Question

The compounds which uses $s{{p}^{3}}$- hybrid orbitals for bond formation are-
(A)- $HCOOH$
(B)- ${{({{H}_{2}}N)}_{2}}CO$
(C)- ${{(C{{H}_{3}})}_{3}}COH$
(D)- $C{{H}_{3}}CHO$

Answer 1

Hint: A $s{{p}^{3}}$- hybridized atom is linked to four other atoms by single bonds (sigma). A $s{{p}^{3}}$- hybrid orbital contains 4 hybrid orbitals. Carbon has tetra valency.

Complete step by step solution:
Let’s look at the given options:
-In $HCOOH$ the carbon atom is linked to 3 atoms only by single bonds. Its hybridization is $s{{p}^{2}}$. So OPTION (A) is incorrect.
- In ${{({{H}_{2}}N)}_{2}}CO$the carbon atom is again linked to 3 atoms only by single bonds. Its hybridization is $s{{p}^{2}}$. Also the 2 N atoms are also linked to 3 atoms only.

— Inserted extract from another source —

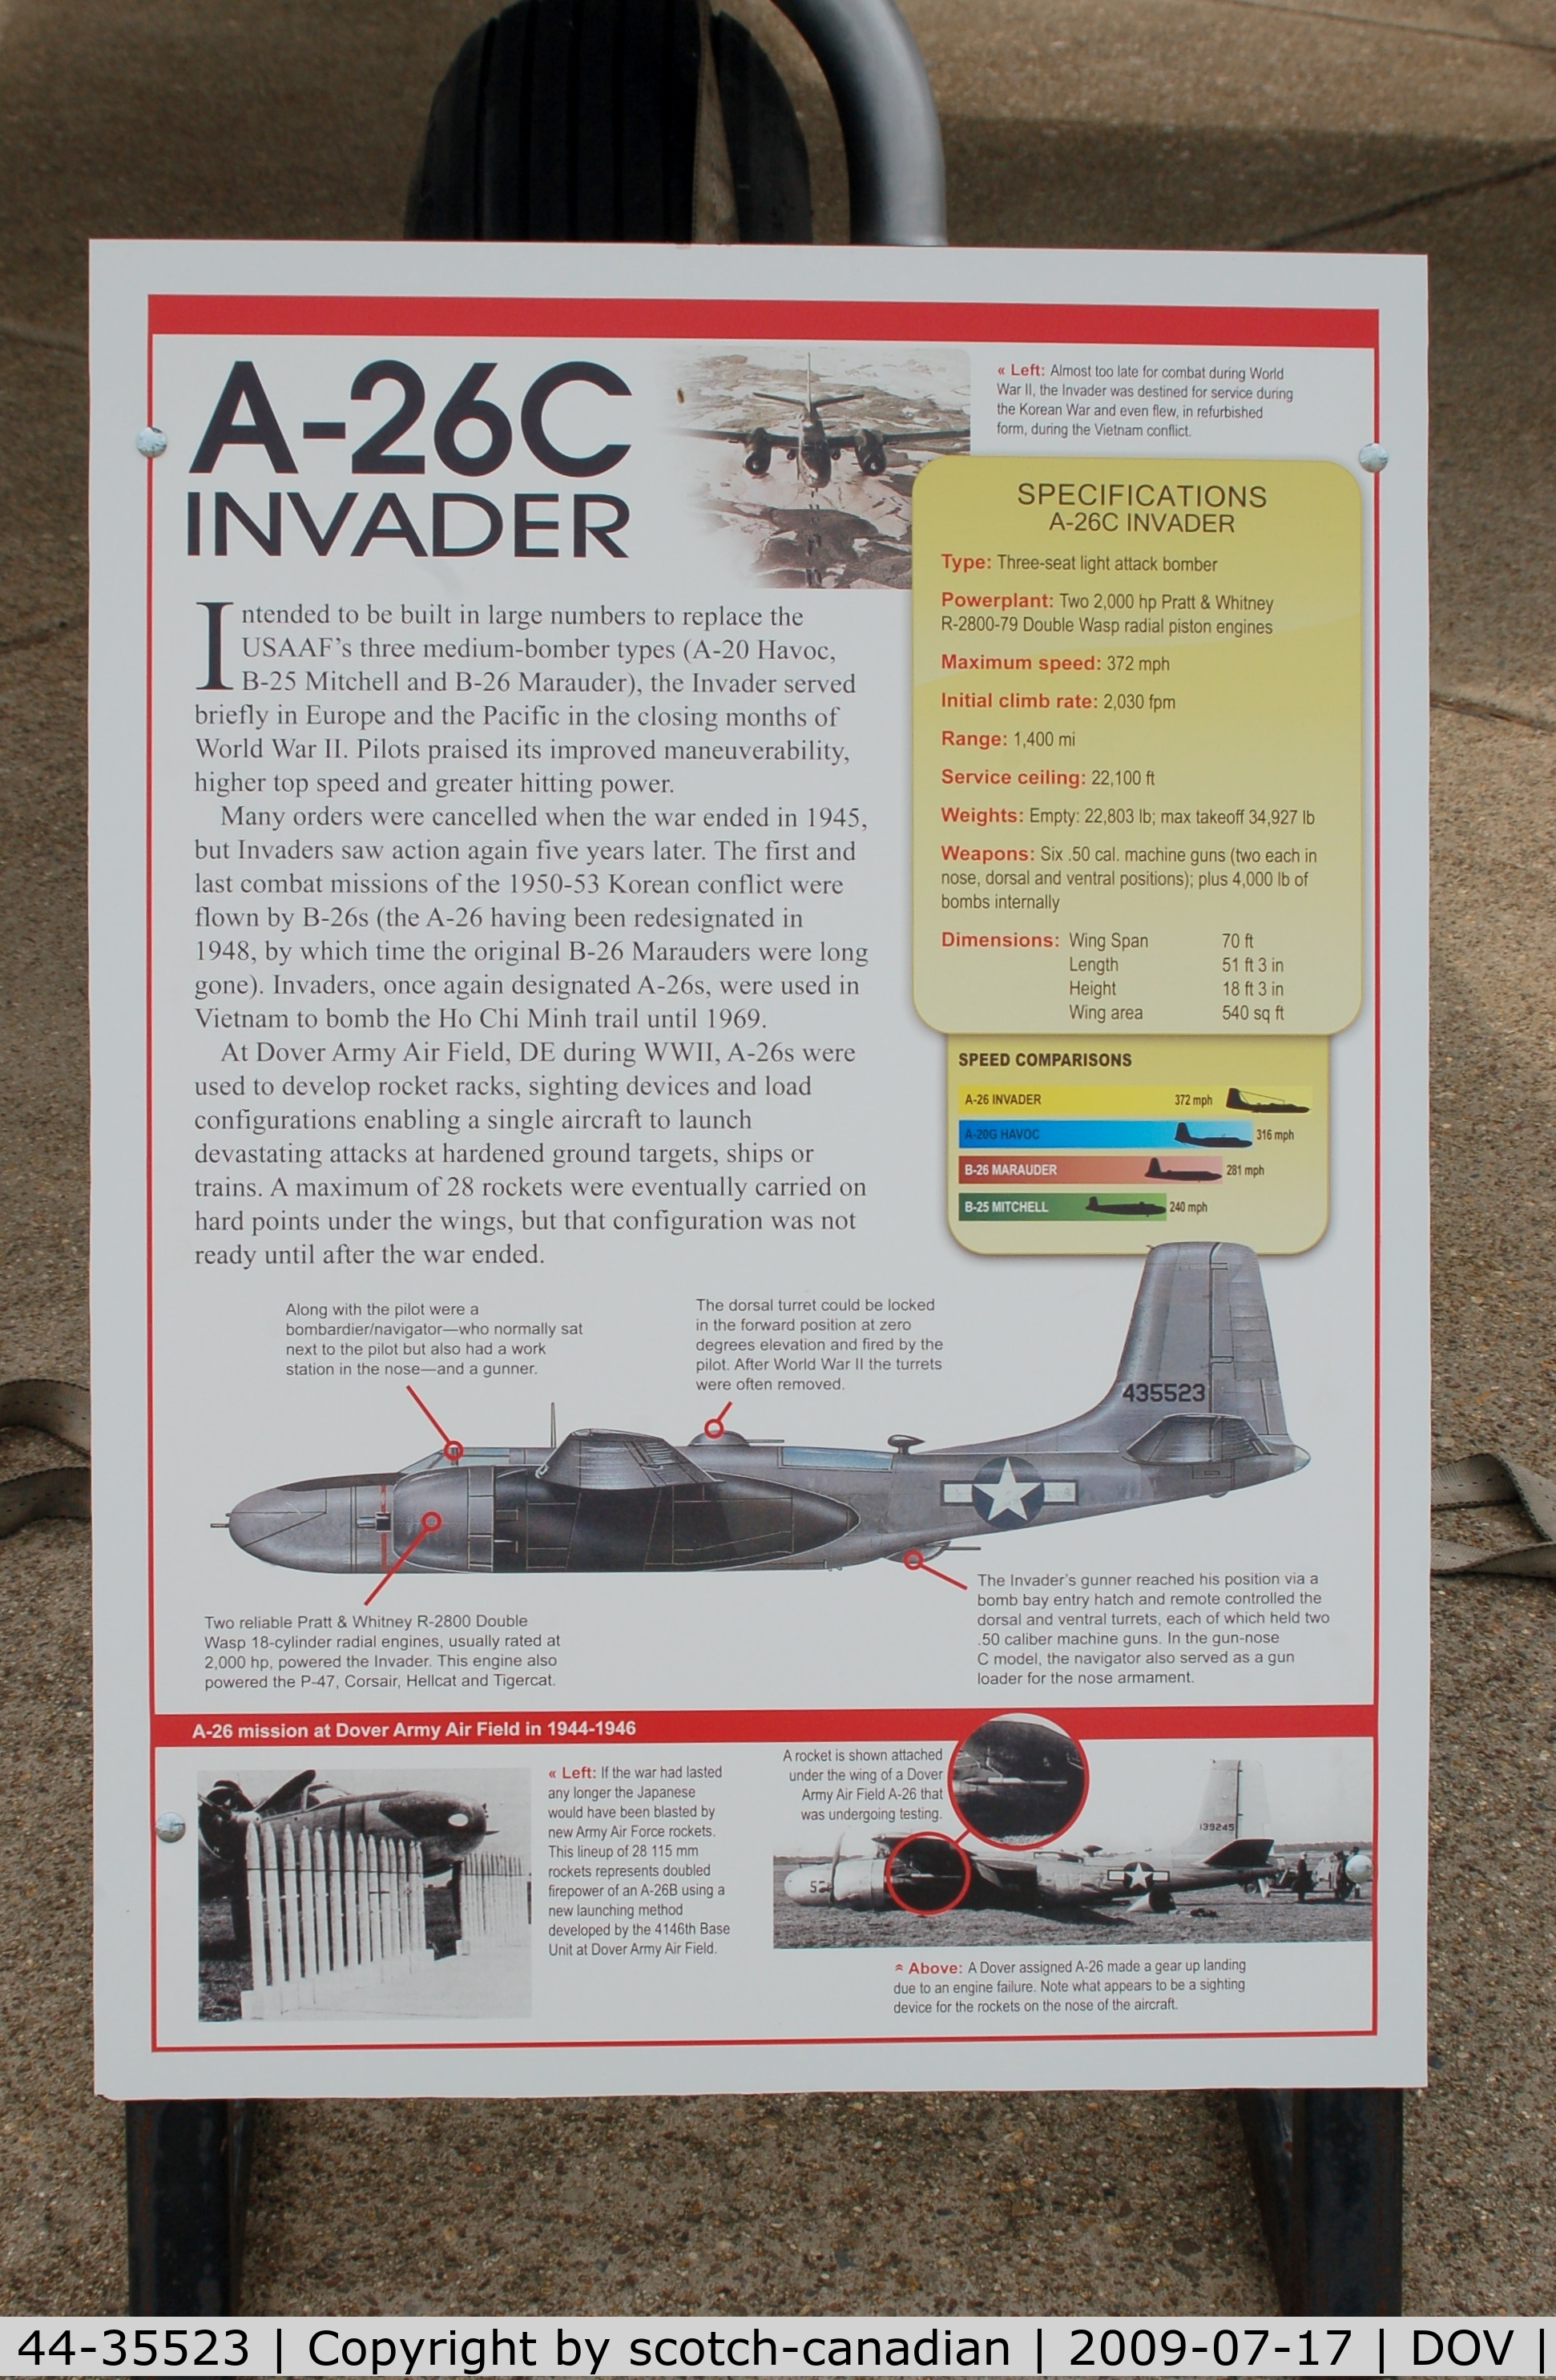 44-35523, 1944 Douglas A-26C Invader C/N 28802, Information Plaque for the 1944 Douglas A-26C Invader at the Air Mobility Command Museum, Dover AFB, DE

So this compound does not contain any $s{{p}^{3}}$ hybrid orbital. So OPTION (B) is incorrect.
-In ${{(C{{H}_{3}})}_{3}}COH$all the carbon atoms present are linked to 4 other atoms by single bonds. Its hybridization is $s{{p}^{3}}$. So, OPTION (C) is correct.
-In $C{{H}_{3}}CHO$ one carbon atom is linked to 4 other atoms by single bonds. Its hybridization is $s{{p}^{3}}$. So, OPTION (D) is also correct.

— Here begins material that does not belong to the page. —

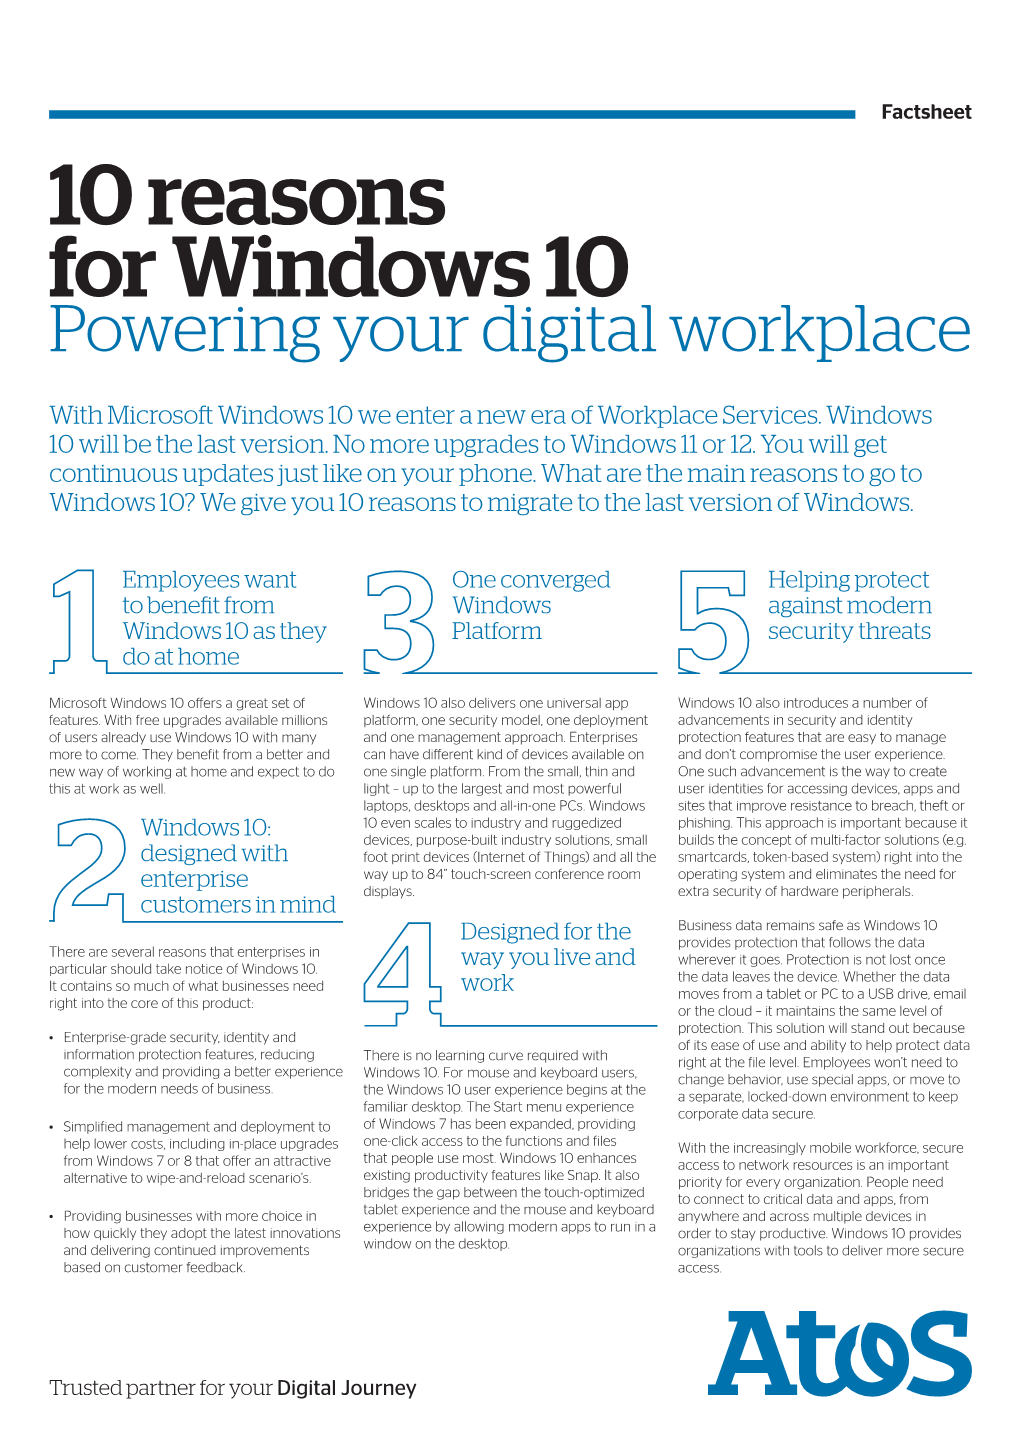 10 Reasons for Windows 10

So, the correct answer is “Option B and D”.

Note: The geometry of a $s{{p}^{3}}$ hybrid orbital is tetrahedral. The shape of a $s{{p}^{3}}$ hybrid orbital is also the same that is tetrahedral. But if a lone pair is present then the geometry remains the same but the shape changes. Only count single bonds (sigma bonds) while checking hybridization.